Women in the UK and worldwide have recently brought up concern for their wellbeing and safety after the murder of Sarah Everard on the 13th March 2021, after going missing walking home from her friend’s house. Many women later took to the streets of London to attended a vigil in memory of Sarah, and stand up for Women’s rights and safety. But now, there are numerous concerns that the significant topic has only been raised, because a Caucasian woman was murdered. So, how has the unfortunate death of Sarah affected people’s views on the safety of women, especially those of ethnic minorities?

The conversation of how women of ethnic minorities are often overlooked has been a key question to many, following the tragedy of Sarah’s murder. Specifically, cases such as the horrific murder of Nicole Smallman and Bibaa Henry, who were both women of colour and killed in June, did not have the same attention and public outcry as Sarah did. Moreover, there was not as much media coverage, despite the inappropriate conduct of the police who were part of the investigation, as well as senior politicians’ response in comparison to the outcry from Sarah’s murder.

I asked my sister Jana, how she feels as a teenager of ethnic minority about her safety on the streets. She told me, “The recent events have really made me rethink how vulnerable women are, it just highlights how much work we need to do as society to overcome the challenge’s women face on a daily basis.” She also added “It’s scary to think we may matter less as we are not only female but are females from an ethnic minority, so could essentially be deemed as “less important”, we need to get to a place in society where each case is looked at equally with equal understanding.”

I also questioned some people in my local area who wished to remain anonymous, for their views and concerns on this.

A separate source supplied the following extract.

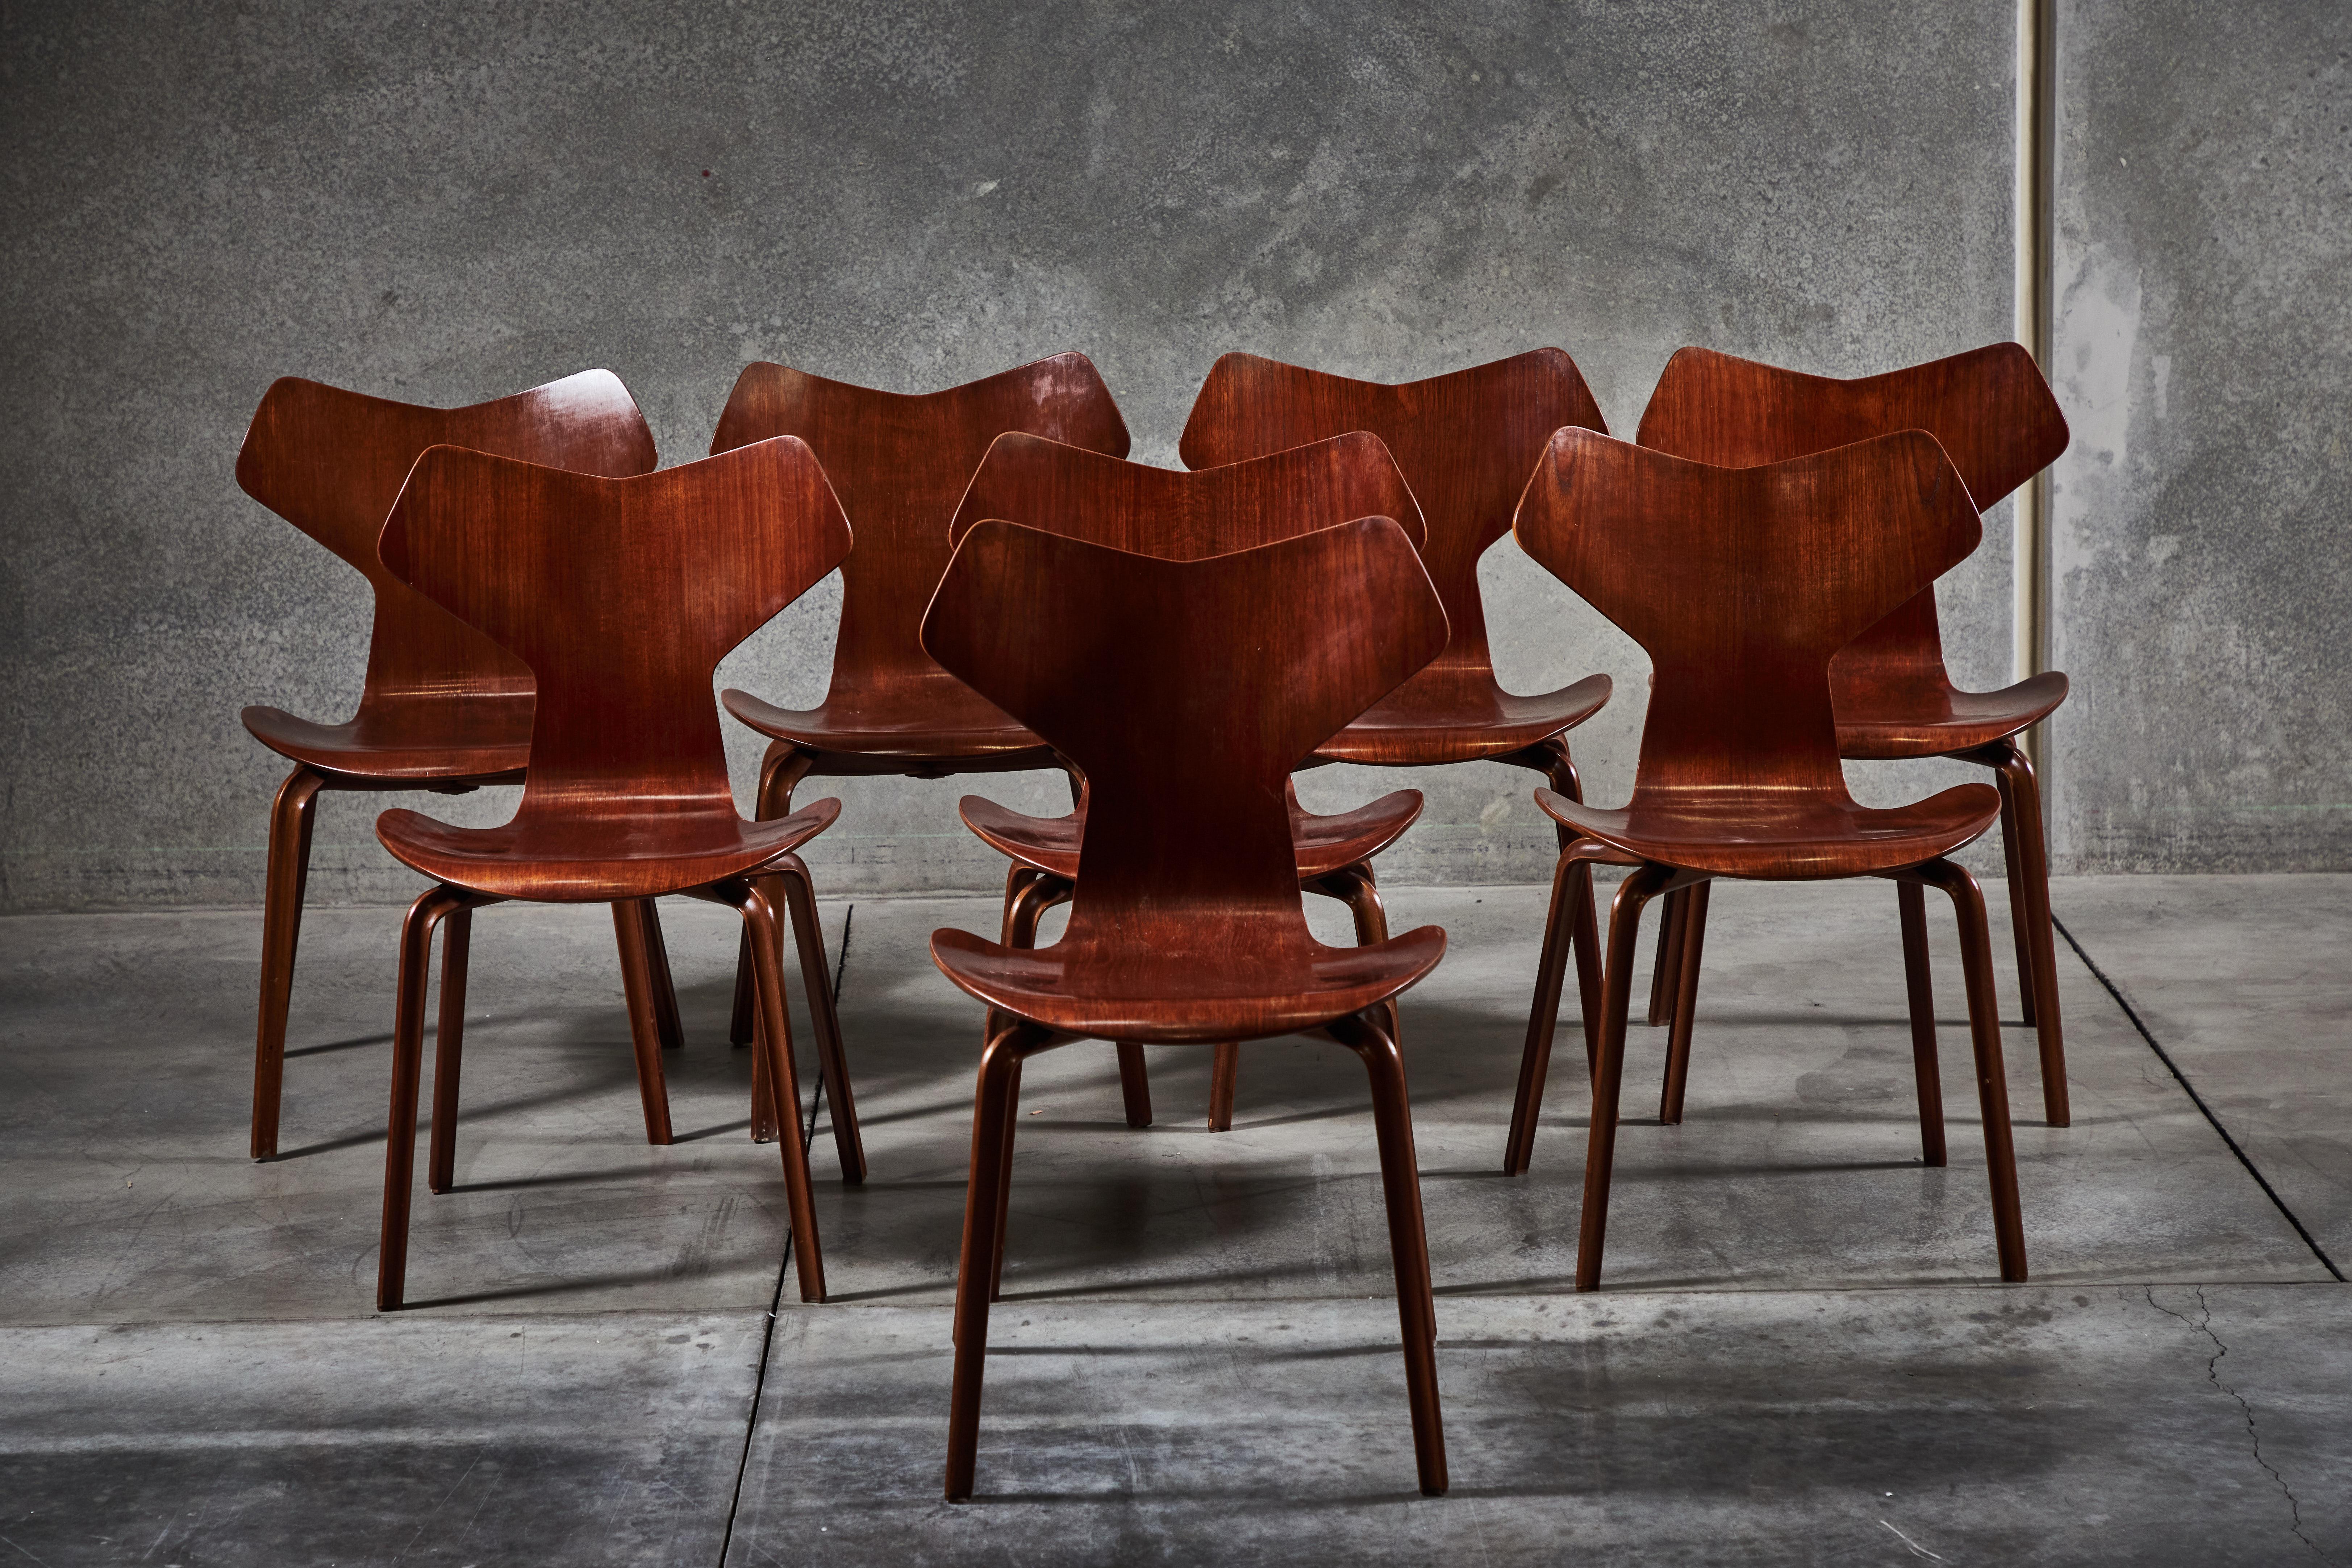 Eight first generation model 4130 “Grand Prix” chairs in teak by Arne Jacobsen for Fritz Hansen. Made in Denmark circa 1957.

There was a general consensus that it had taken the murder of a white women, for people to finally understand that this has been a problem in society for a long time. One individual also said to me, “It shocks me how this problem has only risen to the surface now. Women are vulnerable in society, and the events over the past year have really highlighted this, however it shouldn’t have to take all this time until people understand that this is a real problem!”

In conclusion, the conversations I have had with people have ultimately sparked the same message across everyone I spoke to. Why has it taken the murder of Sarah Everard and not the tragic deaths of women of colour for society to care about female safety?